Anche se oggettivamente si intuisce immediatamente che Nell’Erba Alta non è un capolavoro, le premesse del film non sono male. Il voler mantenere un certo alone di mistero è una delle armi principali dei film che basa la propria forza sulla suspance, ed in questo Nell’Erba Alta riesce discretamente bene. Gli eventi che si susseguono, sebbene prevedibili, contribuiscono a creare un’innegabile atmosfera che aiuta in modo non indifferente la pellicola a centrare per la maggior parte del tempo quella sospensione dell’incredulità tanto ambita in questo genere cinematografico.
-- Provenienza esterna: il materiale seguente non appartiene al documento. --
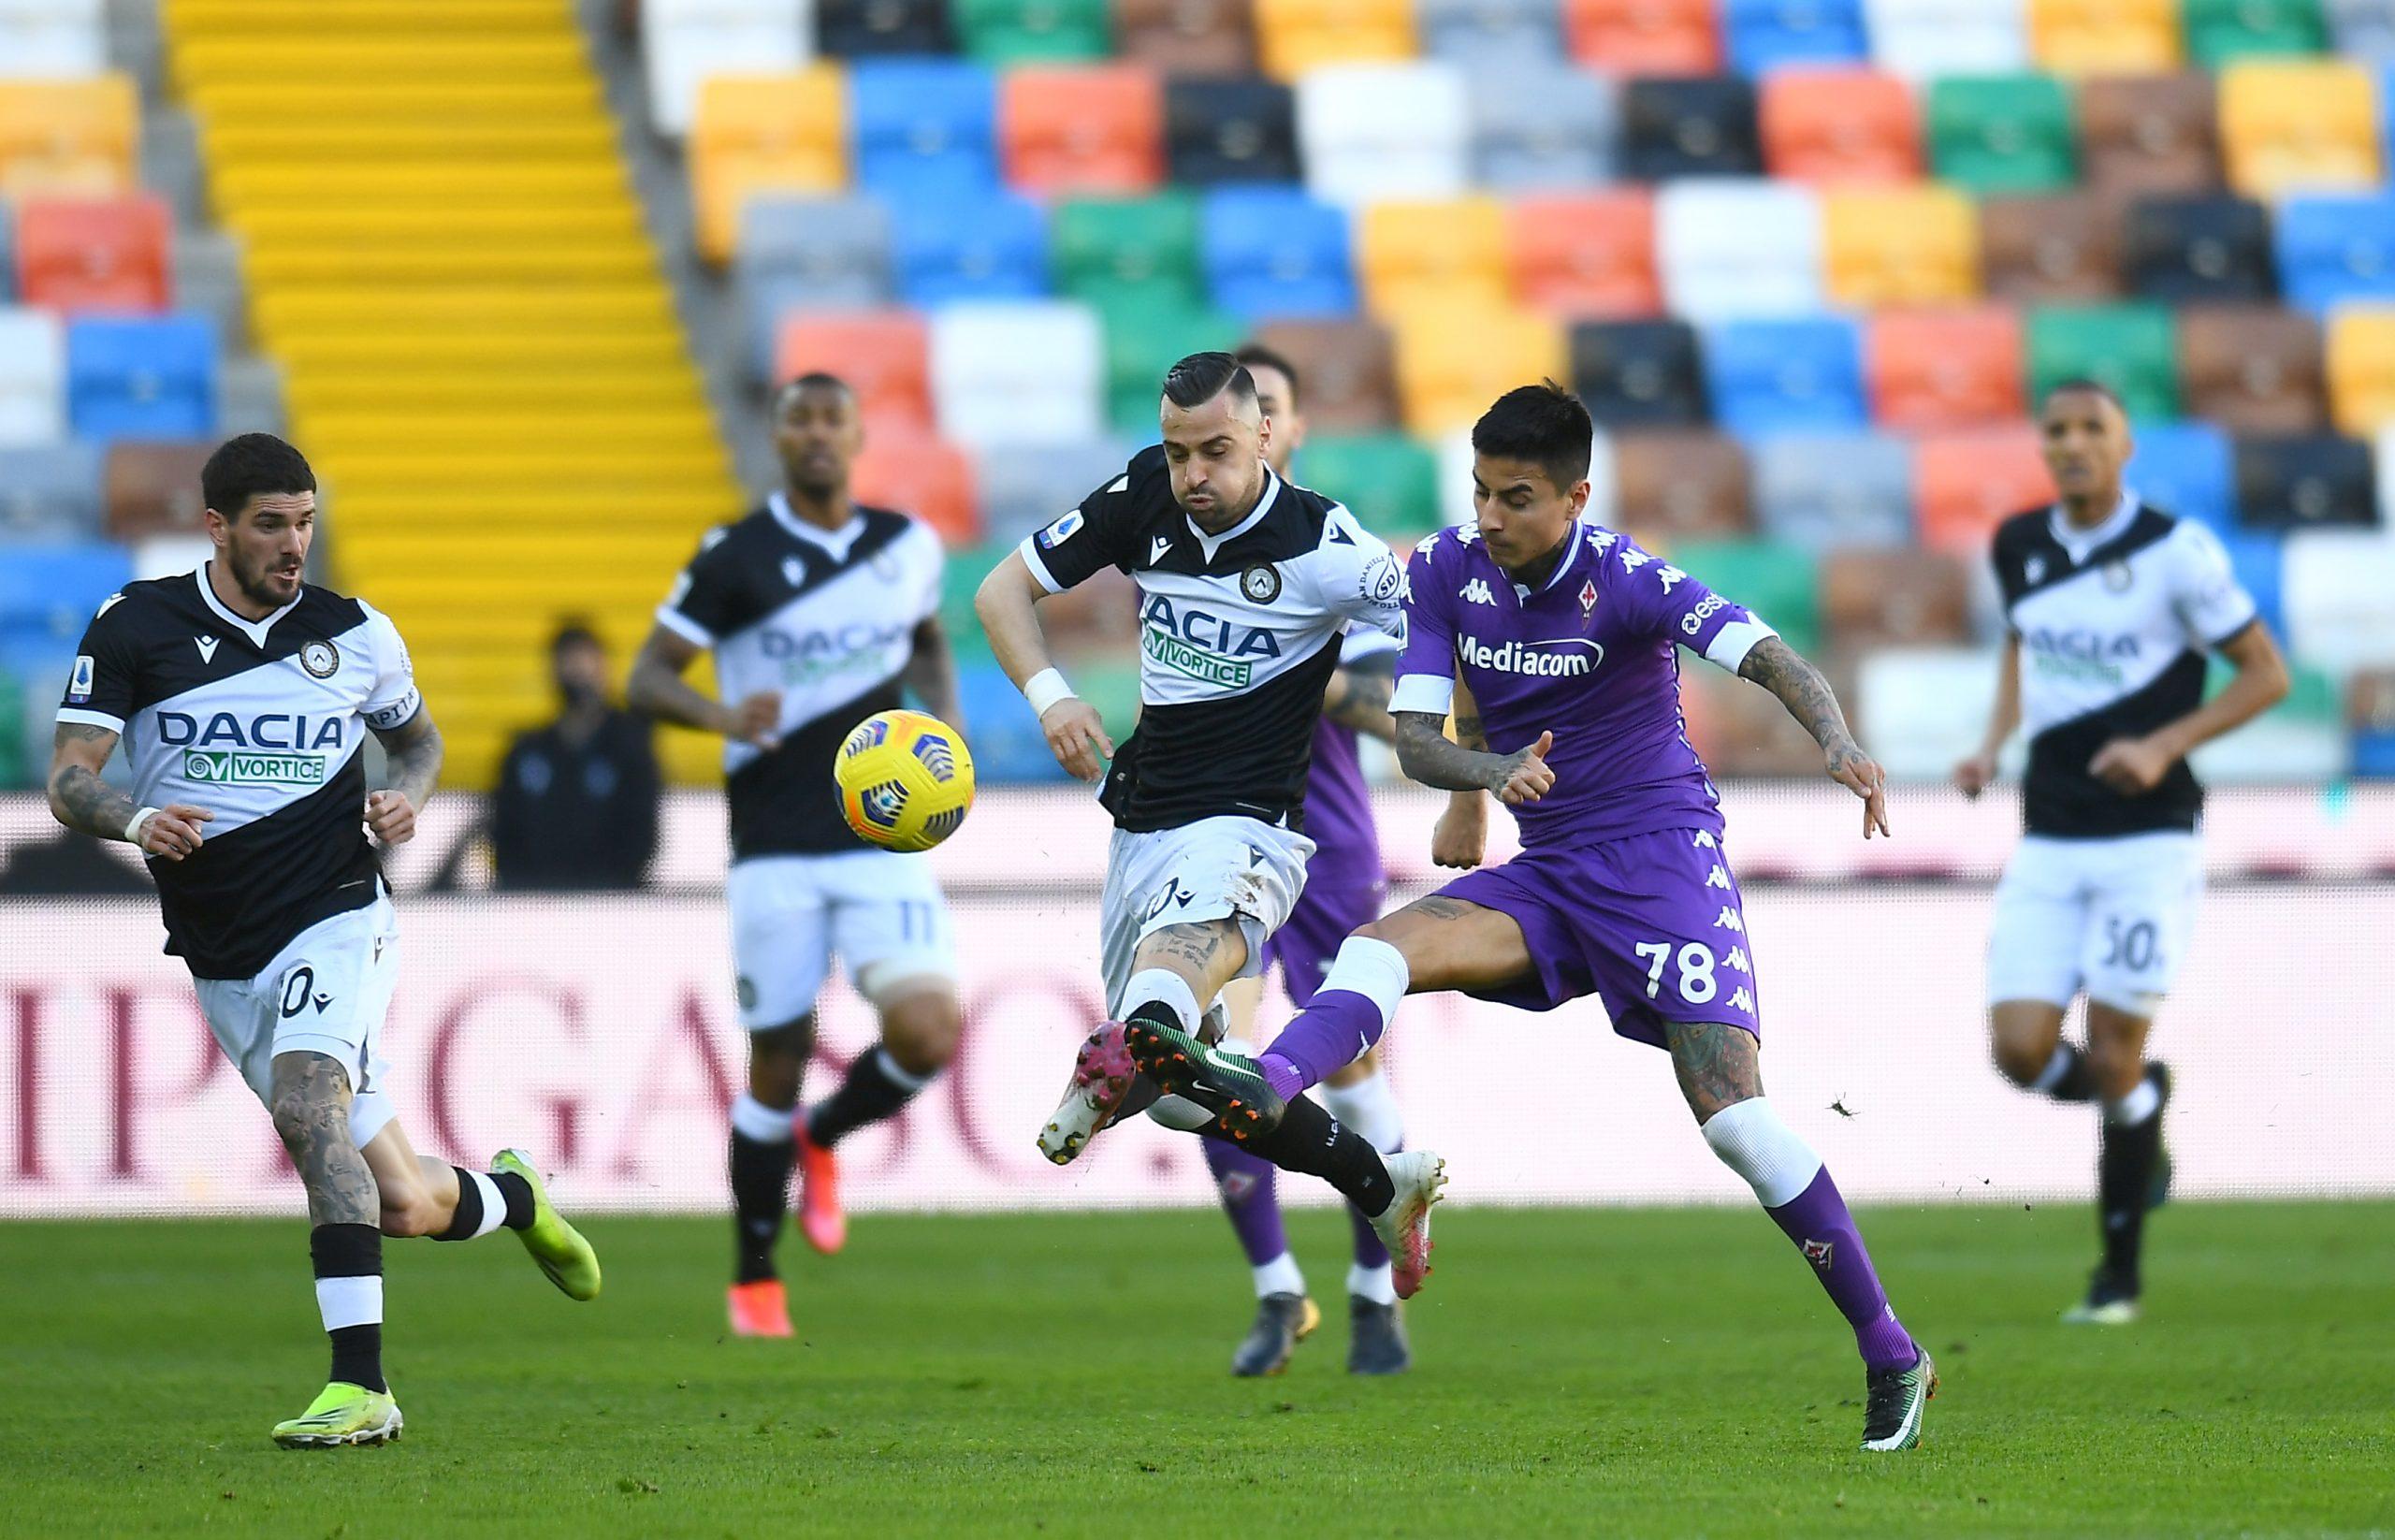 Udinese-Fiorentina 1-0: basta un guizzo di Nestorovski, i viola tornano a tremare
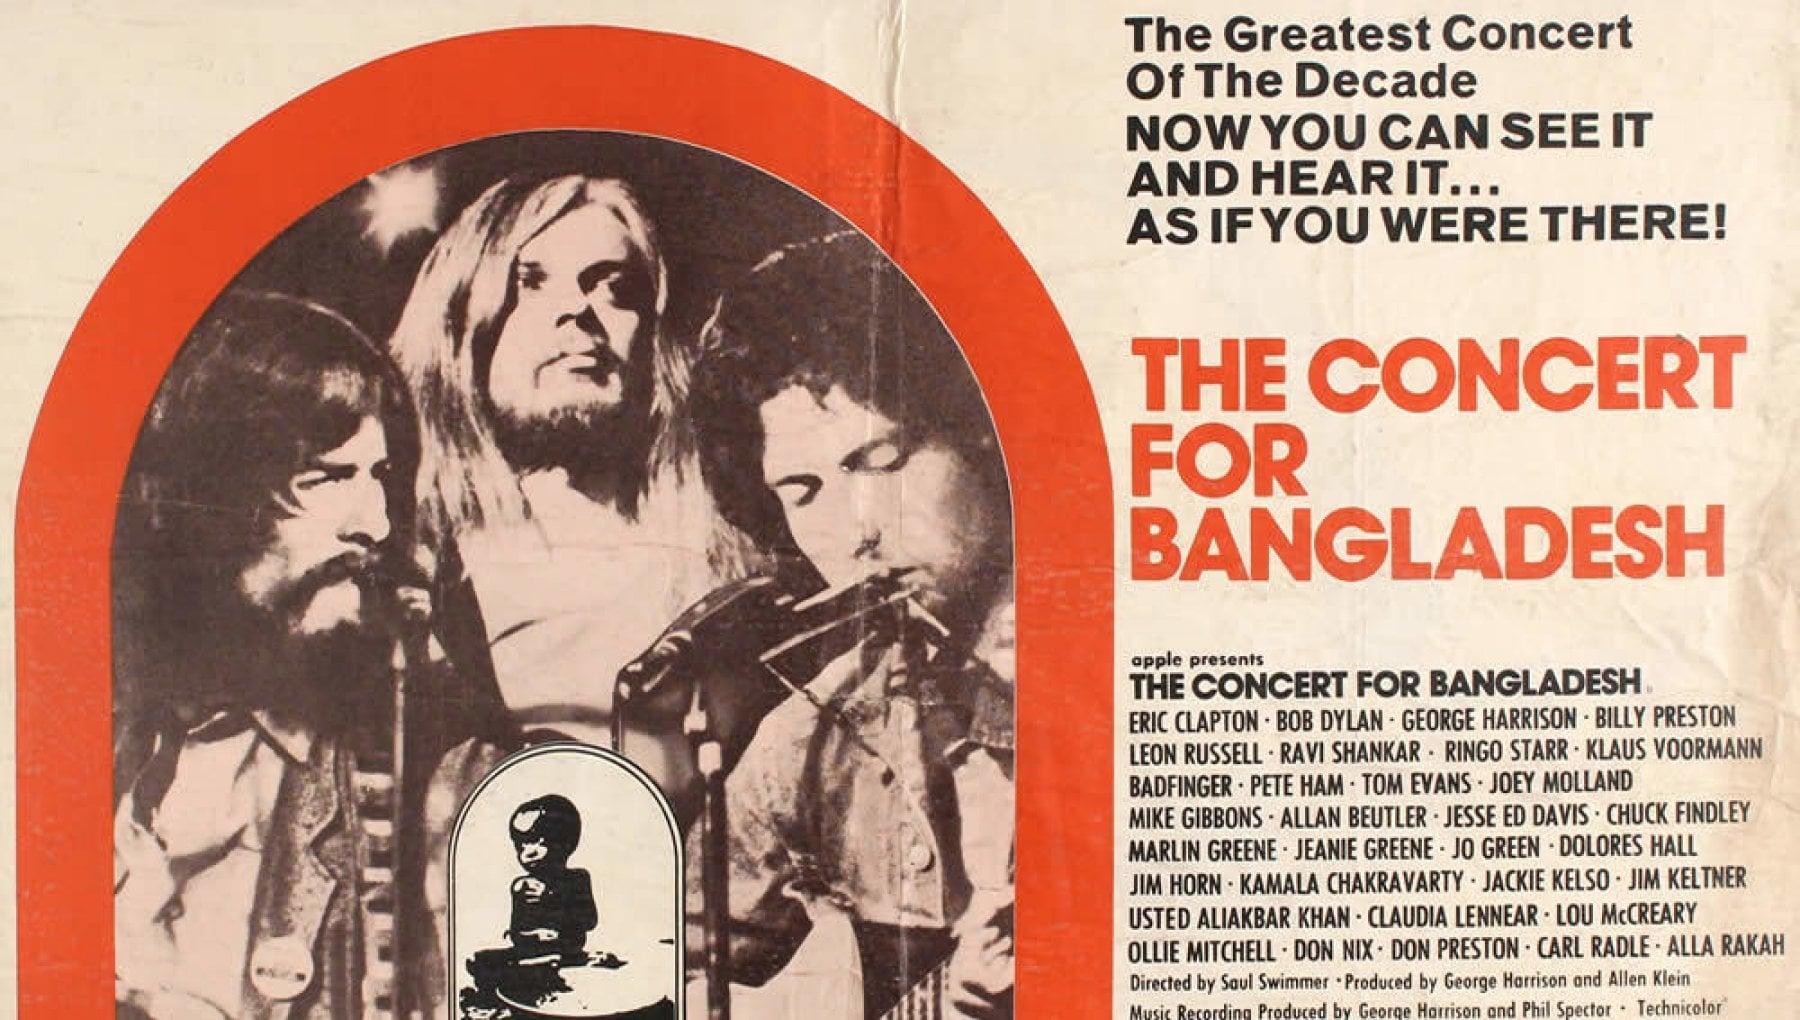 Dischi storici e concerti benefici perche il 1971 e lanno doro della musica rock

Quello che però controbilancia il film, e lo fa in negativo, è il fatto che troppi elementi diversi vengono dati in pasto allo spettatore senza un contesto o delle spiegazioni precise. Sembra quasi si siano voluti buttare là alla meno peggio diversi temi ricorrenti nei racconti horror, e che lo stesso Stephen King sia vittima di se stesso e delle sue fisse per culti, religioni e possessioni (anche se no, l’eterna lotta tra il Bene e il Male stavolta non è contemplata).

 

 

Il risultato finale è che, nonostante il discreto avvio, Nell’Erba Alta si rivela un film fiacco; manca di mordente e di carisma. Non aiuta in tal senso il cast, che sebbene non mostri demeriti particolari (i due personaggi odiosi sono costruiti così e c’è poco da fare) non fa nemmeno molto per risollevare le sorti di una pellicola mediocre.
Essendo un film corale, senza un vero protagonista, si fa fatica ad individuare una prova di maggior pregio; si possono però promuovere Laysla De Oliveira e Will Buie Jr. e rimandare Harrison Gilbertson e Avery Whitted. Discorso a parte per Patrick Wilson, il cui personaggio plastico e pomposo è probabilmente bene rappresentato ma senza suscitare particolari sensazioni nello spettatore.

 

 

Buona la fotografia, con una larga fetta di girato in notturna che aiuta a formare una sensazione cupa e di disperazione (ma senza arrivare ai livelli di Vivarium). Anche i ritmi non sono male, ed il film tene più o meno fino in fondo, pur tramutandosi lentamente in qualcosa più vicino ad un film d’azione e perdendo i suoi connotati puramente psico-horrorifici.
Dietro la macchina da presa troviamo un Vincenzo Natali (Cypher, Nothing, Splice) lontano dai picchi ottenuti con Cube – Il Cubo nel lontano 1997.

Complessivamente, Nell’Erba Alta è una pellicola tralasciabile, che al di là di buone premesse e di idee di base interessanti manca purtroppo nel complesso il suo obiettivo principale: quello di coinvolgere e colpire lo sepettatore.